Primary competition visual

Digital Green Crop Yield Estimate Challenge

Helping India
€9 400 EUR
Completed (over 2 years ago)
Prediction
1368 joined
678 active
Starti
Sep 04, 23
Closei
Dec 03, 23
Reveali
Dec 03, 23
Winners solutions
Notebooks · 4 Dec 2023, 07:33 · 2

We'd like to see the top 3 solutions for the sake of learning

Discussion 2 answers
User avatar
GIrum
Adama Science and Technology University

and from all i wanna see the first one from

4 Dec 2023, 09:44
Upvotes 0
User avatar
rapsoj
University of Oxford

My team was third :)

We used an ensemble method that took the average of three predictions made using tree-based methods, specifically: XGBoost, CatBoost, and LightGBM. All three of these are tree-based methods, which are great for handling tabular data with non-linear relationships.

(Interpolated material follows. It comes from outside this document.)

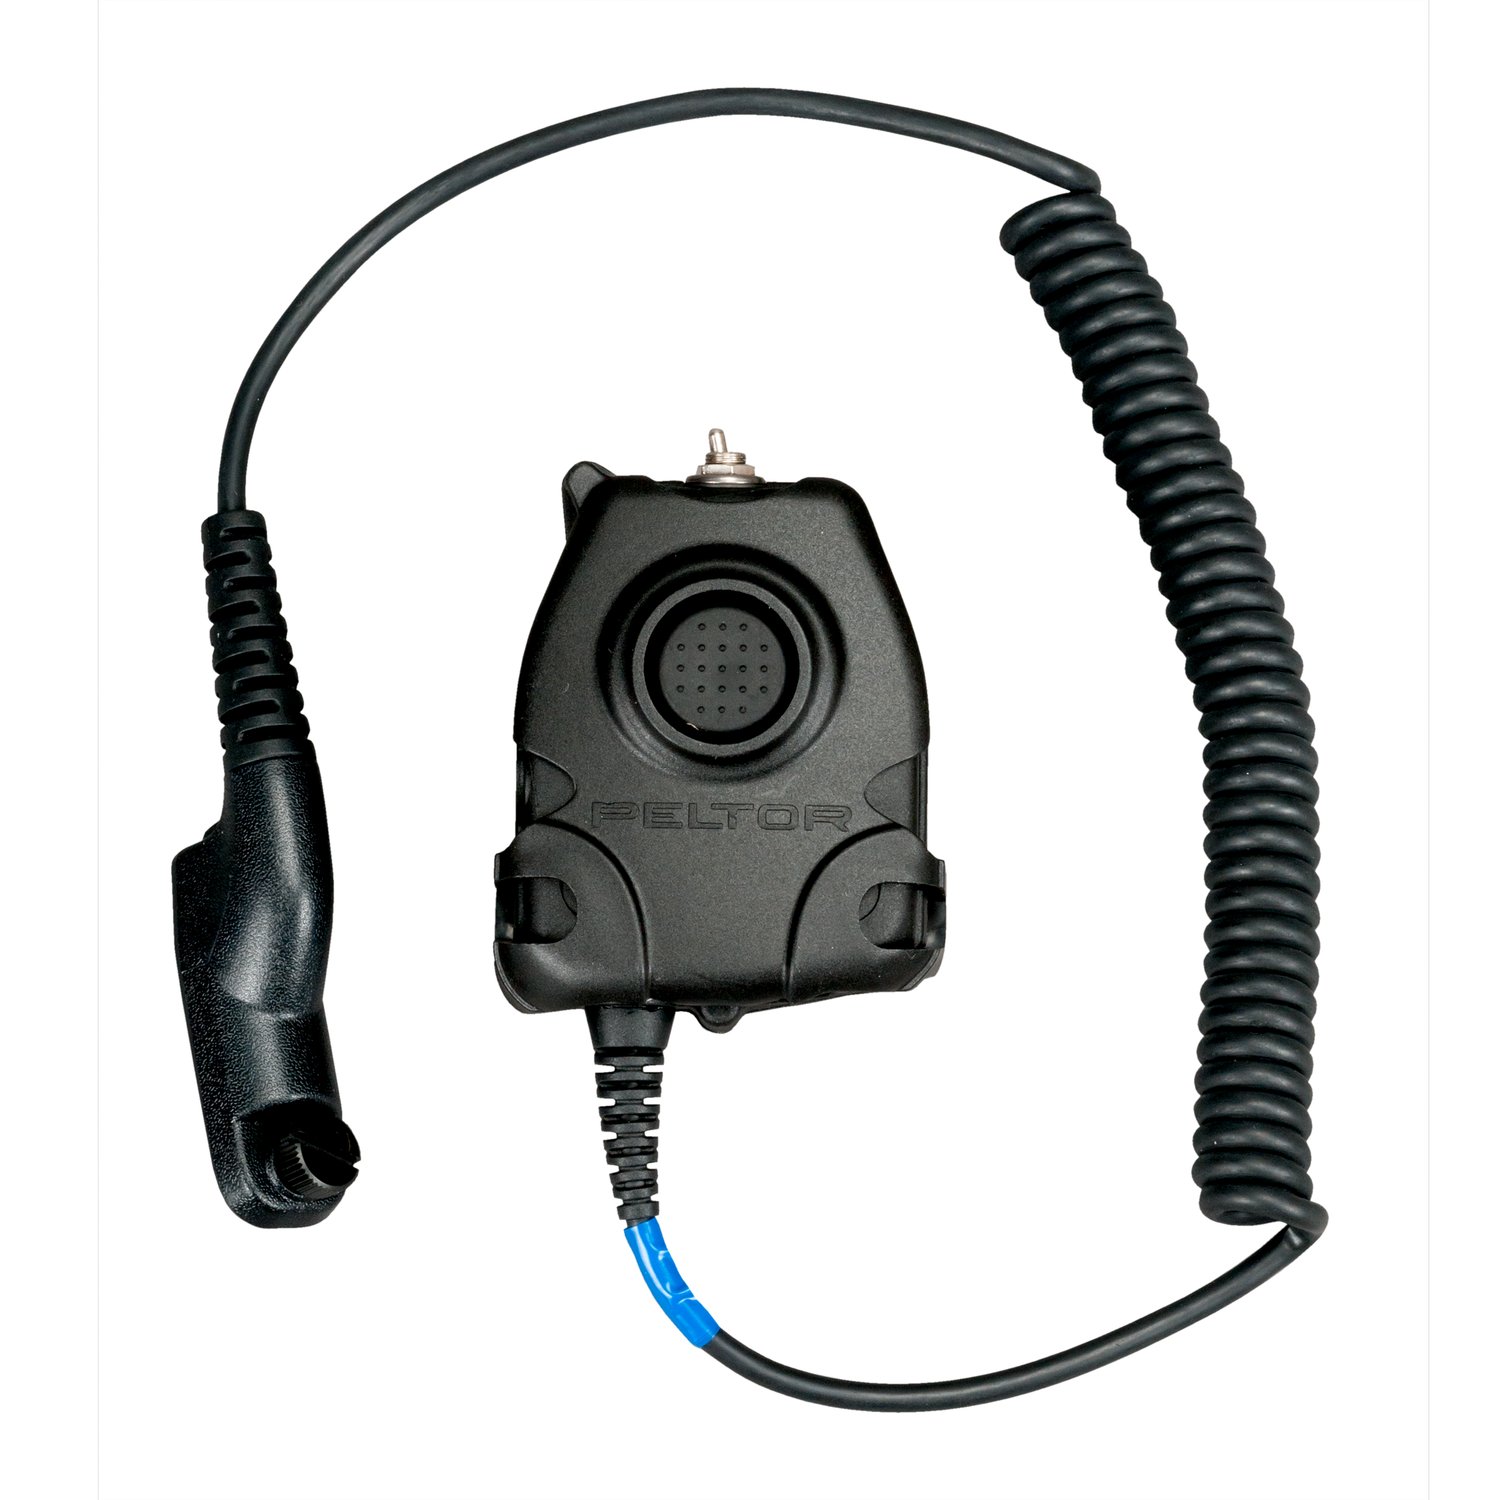 7010384262 - 3M PELTOR Push-To-Talk (PTT) Adapter, Motorola Turbo, NATO Wiring,
FL5063-02 1 EA/Case

We also used cross validiation to train and test our model in order to reduce overfitting.

However, I think the most important part was the data cleaning stage. We probably spent 95% of the time on data cleaning, which involved working to understand the variables and reading literature on which variables affect crop yield in Bihar/India. As a result, we learned about different agircultural traditions in North Bihar vs. South Bihar (which is more agriculturally productive and employs the Ahar Pyne agricultural system, leveraging channels and retention ponds to manage water resources and adapt to Bihar's unpredictable weather). We also learned about the importance of the monsoon in Bihar agricultural cycles. Kharif crops, such as rice, are sown during the monsoon season from June to September and are watered by monsoon rainfall. These crops do well with high rain in Winter. Rabi crops, such as wheat, are sown in mid-November – preferably after the monsoon rains are over – and are watered by percolated rainfall. These crops are spoiled by high rain in winter. We also learned about nitrogen cycles, fertilizer application methods, and irrigation techniques.

With all of this information, we had a pretty good idea that the region in which the crops was grown was important (North vs. South Bihar), as were the various dates on which key agricultural steps were taken, as were the fertilisation choices. We engineered our data to reflect this, and selected the top variables using recursive feature elimination with cross validation.

Overall, we only spent around 5% of the time building the actual model (and only started fine-tuning the model two days before the deadline). The trick is to understand the data and not overfit to the public test set.

4 Dec 2023, 11:38
Upvotes 5